Niinistös Wort hat Gewicht in seinem Land. Er und die Regierung entscheiden letztlich auch gemeinsam, ob Finnland einen Nato-Antrag stellen wird. Auf dem Weg dorthin hatte die Regierung im April eine Sicherheitsanalyse veröffentlicht, in der Vorteile und Risiken einer möglichen Mitgliedschaft beleuchtet werden - ohne jedoch einen Standpunkt für oder gegen einen entsprechenden Antrag einzunehmen.
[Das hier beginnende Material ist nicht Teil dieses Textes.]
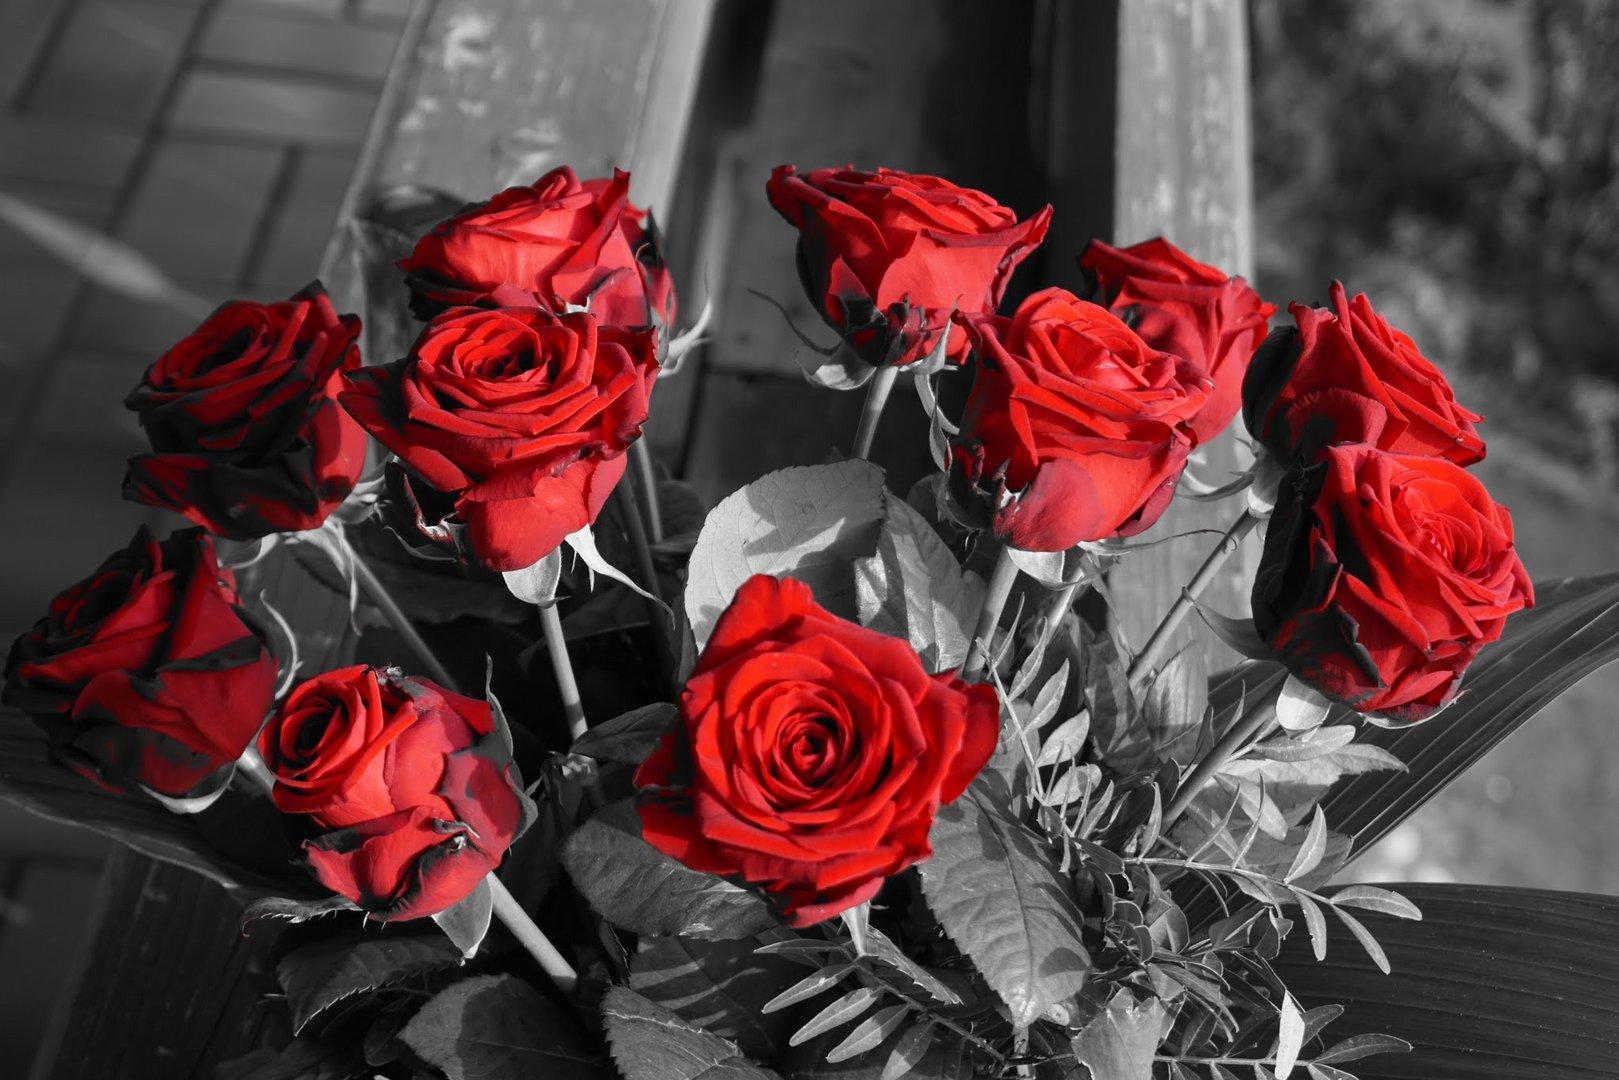 rote rosen im schwarz wei foto bild schwarz rose rote bilder auf fotocommunity. Black Bedroom Furniture Sets. Home Design Ideas

In Schweden wird am Freitag eine eigene sicherheitspolitische Analyse veröffentlicht. Am Wochenende wollen dann die regierenden Sozialdemokraten in Schweden unter Ministerpräsidentin Magdalena Andersson ihre aktuelle Nato-Position präsentieren. Entscheiden sie sich für einen Beitritt, wären das entscheidende Bausteine auf dem Weg hin zu einem Nato-Antrag des Landes. Schwedens Außenministerin Ann Linde und Finnlands Außenminister Pekka Haavisto sind am Samstag zudem auf einem Nato-Treffen in Berlin. Kommende Woche reist Niinistö schließlich zu Schwedens König Carl XVI. Gustaf.